Dad needed her to explain the skill tree to him twice. He understood how it all worked—quirks and skills and sub-classes—but he still wanted her to repeat it all. Then he peppered her with follow-up questions, most of which she couldn’t answer.
“And Dr Reddy didn’t know anything about it?”
“She sent me this,” said Britta, taking the paper from him, “so she must know something.”
He took it back from her and looked at it again, moving it closer to his face. “But she doesn’t know how your character got hold of it.”
“No. Don’t you have skills you can choose from?”
“Yes. You get to pick from three after the class challenge. Then you get another one every five levels. There’s only a few to choose from. Nothing like this. And no sub-classes. That would be pretty cool, to be able to specialise in a particular sub-class. Pretty cool. What does perspicacity do?”
“I have no idea. I’m not even sure what the word means. Is it a quirk?”
“Yes, look.” He held the paper up for her to see, his finger pointing at a dot in the middle of the page.
Given the chance, he’d probably go through every single one, and she’d give the same answer each time.
“What about ambidextrous?”
“I don’t know. Something to do with using both hands?”
“Sounds like it might give you some kind of dual wielding bonus.” He seemed to have plenty of ideas what they could mean, and even what skills they might be related to, so she had no idea why he kept asking her.
“Maybe. Maybe it makes you a better juggler.”
Dad’s eyes lit up. “Actually, that would be quite a cool sub-class.”
“Juggler? How would that help?”
“I don’t know, but it would be cool, I bet.”
Everything was cool. He kept using that word like a teenager who had only just discovered it. Britta wondered what it would be like to have a grown-up dad who worried about the heating bills and pottered around in the garden.

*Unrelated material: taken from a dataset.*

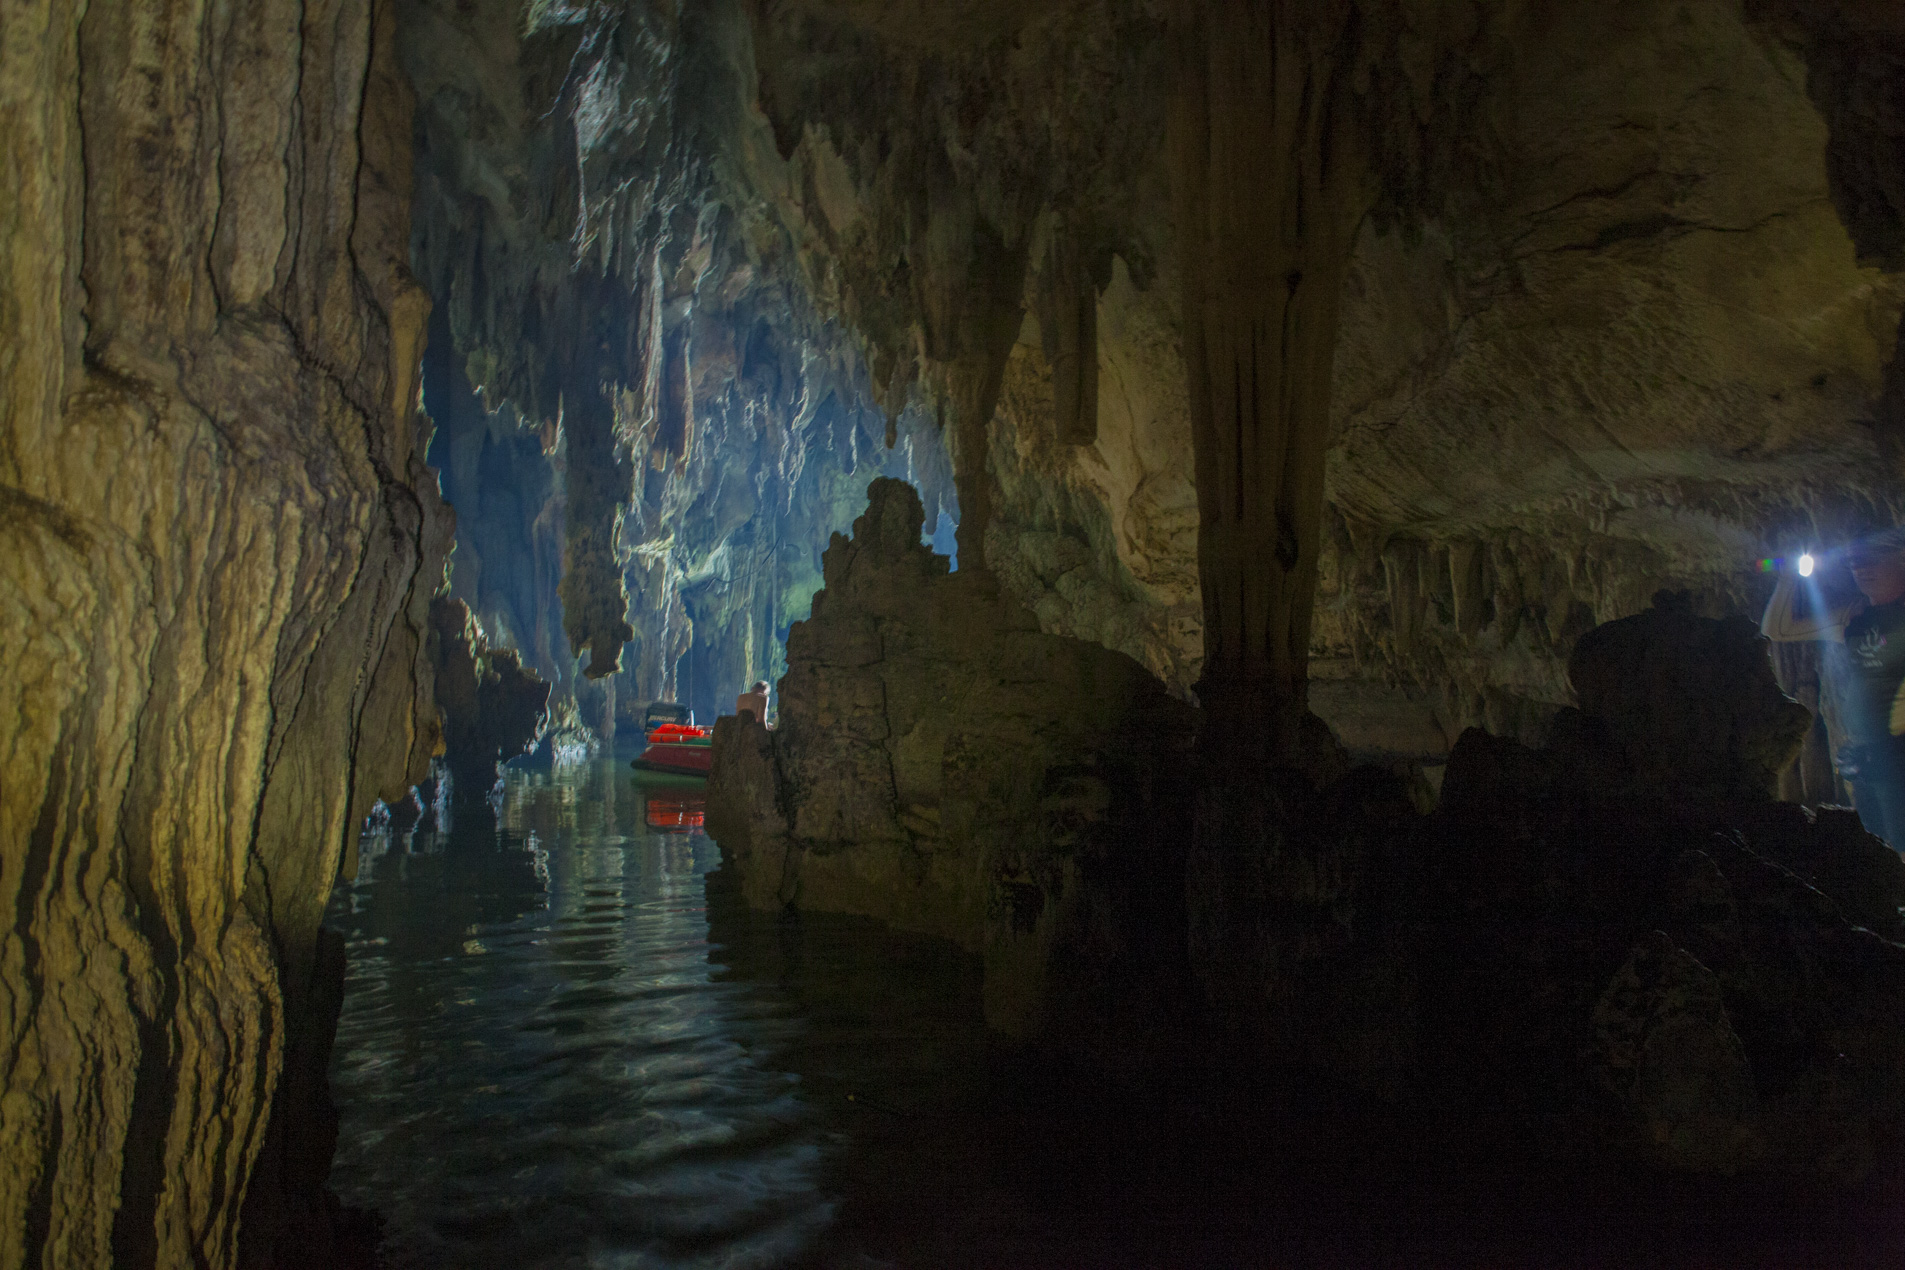 Cave in Misool
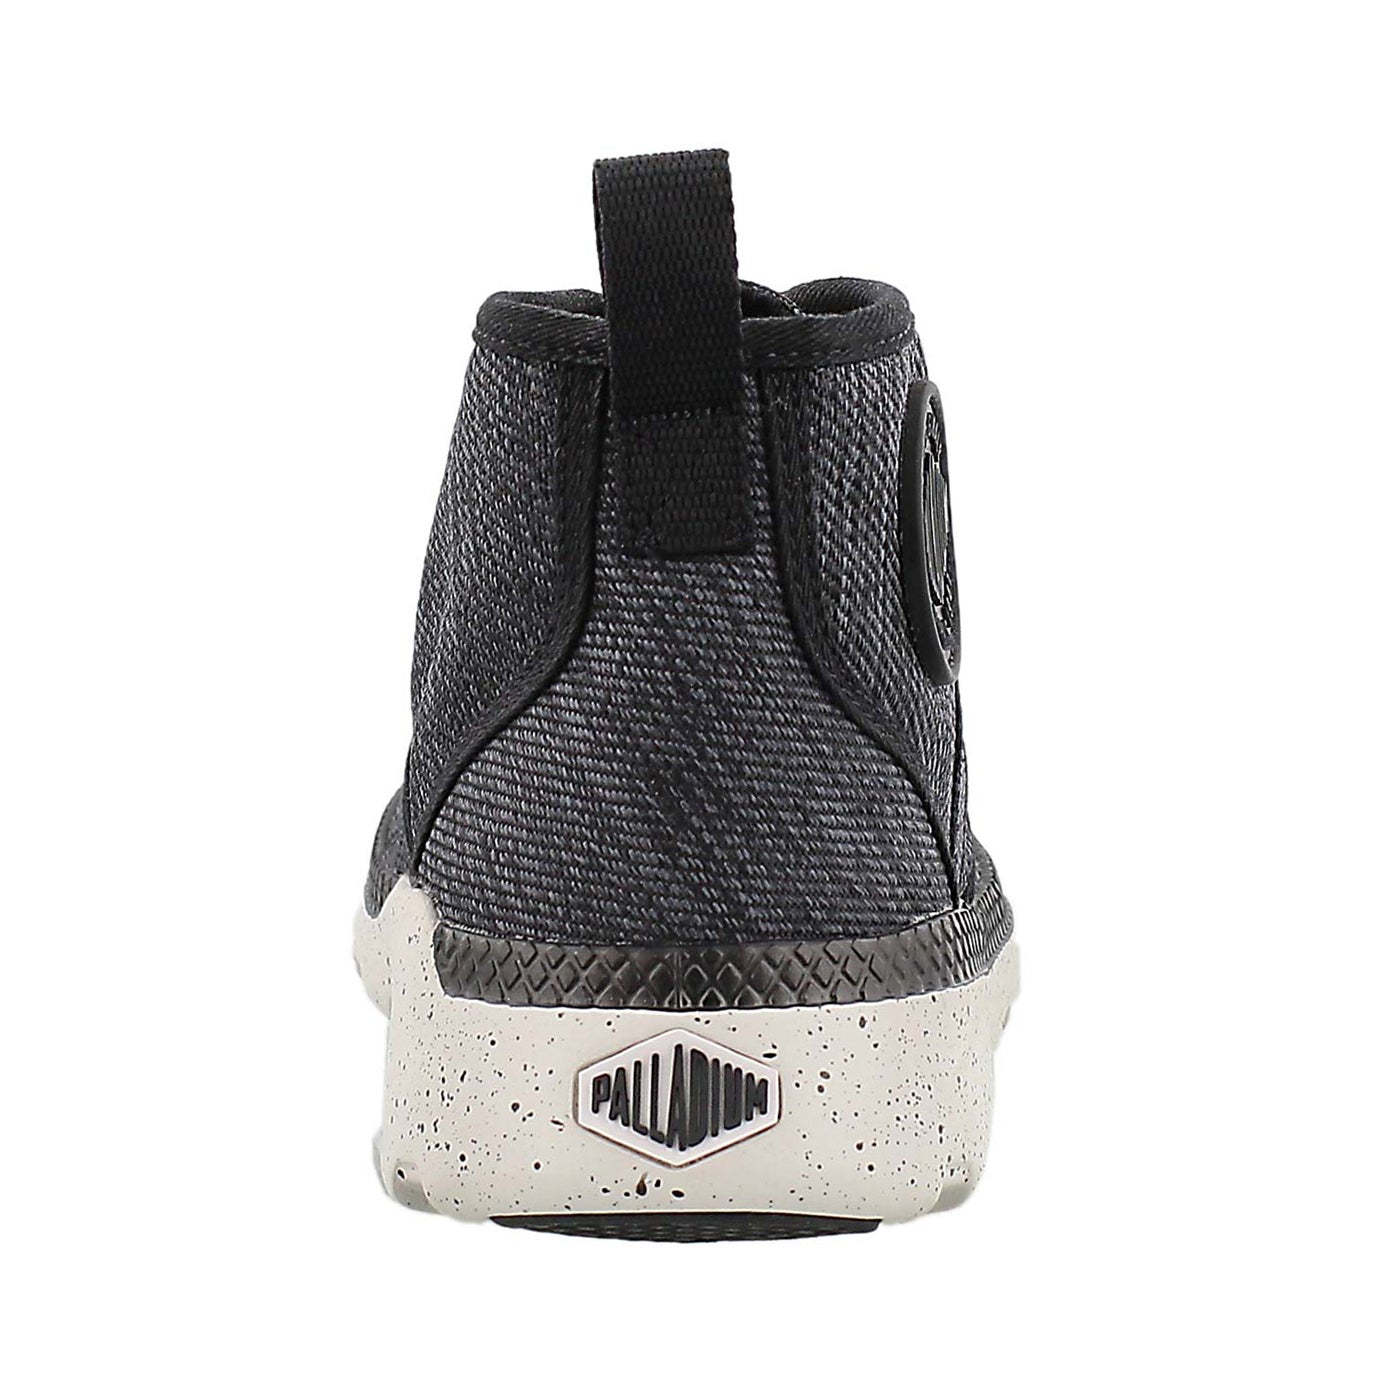 Lds Pallaville Hi blk/wnd chme sneaker

She had her phone in her hand, still. She printed off another copy of the skill tree as it didn’t look like she’d be getting the first one back. Not without a fight.
“What were your sub-classes again?” he asked her without looking up from the piece of paper.
“Acrobat, Puppet Master and Coward.”
“Right, right. Puppet Master sounds really cool. If you could use it on other characters—oof, you could really troll them. People would be so mad.” His eyes shone with glee. “But… Coward. They wouldn’t give it a name like that if it didn’t have a huge upside. Right?”
That was what she had thought. “Yeah, but it looks like I’m going to be stuck taking Acrobat.” She had already explained her predicament to him.
“Maybe they can get you out of there by switching which altar you’re anchored to, so you respawn in town when you log in.”
“They can do that?”
“Normally, yes. But who knows with your character? The same rules don’t seem to apply to you.”
The printer had stopped making grinding noises and Britta went into Dad’s office to get her copy of the skill tree. Dad followed her in, his eyes still glued to the page; although he managed to avoid bumping into anything thanks to muscle memory.
“I thought it would be useful to have this,” said Britta as she examined the copy in her hand, “but it’s not quite the same without being able to click on things to see what they do. How can they not have this stuff online somewhere so you can look at it? I mean, they should at least have the status screen so you can check your stats and stuff.”
“You could always make your own copy. Just write everything down?”
“How? I can’t bring anything out of the game with me.”
Britta considered his suggestion. “There’s too much. I don’t think I—”
Dad took the paper from her hand. Why did he need two?
He put them both on his desk, turned one over and picked up a pen. A few seconds later he had drawn out an exact copy of the status screen, with the number fields left blank. He gave it back to Britta, along with the pen.
She filled it in. The numbers were very clear in her memory now that she had everything in front of her. It seemed a bit strange to have access to the most advanced technology in the world and have to rely on a handwritten workaround, but sometimes you had to go lo-fi.
“Thanks, Dad,” she said with her focus still on the hand-drawn status screen, trying to remember any other details.
“Cool, cool,” said Dad, the skill tree back in his hands and up by his face.
They both stood there deep in thought when Britta’s phone rang, Dr Reedy’s name on the screen. She was about to go back into the room to talk to her when she saw the hungry look on Dad’s face. He was desperate for more information even though his character didn’t have access to the skill tree and it would have no effect on his gameplay.
Britta answered the phone and put it on loudspeaker.